What you've listed is really good for most Rogues (and Rangers); I wouldn't improve them any more.

Geoff.


----------



## Nyeshet (May 9, 2007)

Several ideas come to mind. 

+4 bonus to Balance and Tumble checks (tumble checks are good vs falling damage)

Racial Bonus Feats: Agile Athlete, Improve Unarmed Strike (only with piercing damage - due to claws), Leap of the Heavens, and Run. If they do not have claws drop the IUS. Maybe Run should be dropped regardless, although it hearkens back to the charging / pouncing of typical felines. 

I would also suggest replacing the +1 nat armor bonus with a +1 dodge bonus. It just makes more sense, as catfolk are not exactly depicted as covered in thick hides or metal / stone like flesh.

Scent would be too much, as would halving falling damage. Indeed, anything more than what is suggested above would likely be too much for +1, considering all else they get. As it is, adding two more +4 skills and four bonus feats is pushing the limits of what I would consider acceptable for a +1 LA. 

And, as others have suggested, the buy off option for LA is wonderful - especially for lower LAs. It would slow them down a bit at lower levels, then vanish at mid levels, allowing for some catch up. By mid to lower high levels they would be back in pace with the others.


----------



## Sound of Azure (May 9, 2007)

You could give them the special ability to use their Dexterity modifier instead of their Strength modifier for Climb and Jump checks (Same as cats in the MM) in addition to Nyeshet's Balance and Tumble racial bonus.
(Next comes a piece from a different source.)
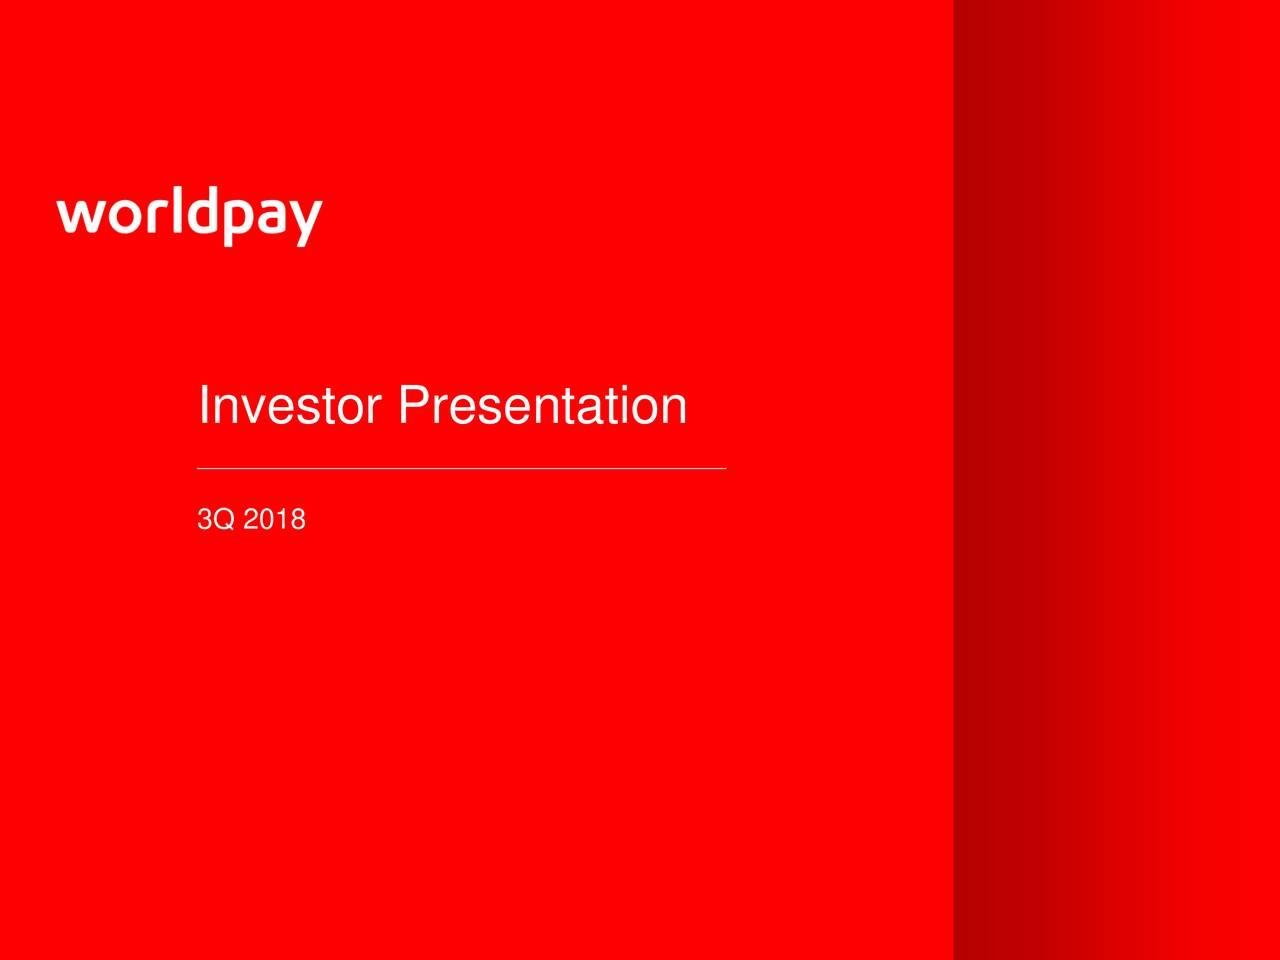 wp stock news and price    worldpay  inc

Leap of the Heavens would be a great racial bonus feat too, IMO.


----------



## Engilbrand (May 9, 2007)

Catfolk are easily worth the +1 LA. Right now, the real questions are:
1. What class is the Catfolk?
2. What are the other characters?
3. What sort of campaign is it?


----------



## robberbaron (May 9, 2007)

I'm with Engilbrand. It is easily worth +1LA as is. IMO.


----------



## Mark Chance (May 9, 2007)

IME, LA +1 should just be ignored. There's a mechanical advantage at early levels that most often turns into a mechanical disadvantage and middle levels. It all balances out in the long run.


----------



## lmpjr007 (May 9, 2007)

You might want to check out this for help with balancing the race: *Race Creation Cookbook*


----------



## Garnfellow (May 9, 2007)

I know someone within the last 6 months or so posted a link to a great off-site page with an LA+0 catfolk. I thought for sure it was Psion, but my Google and EnWorld searches aren't helping.


----------



## cignus_pfaccari (May 9, 2007)

robberbaron said:
			
		

> I'm with Engilbrand. It is easily worth +1LA as is. IMO.




Yep.

If anything, let them buy it off per Unearthed Arcana.

Brad


----------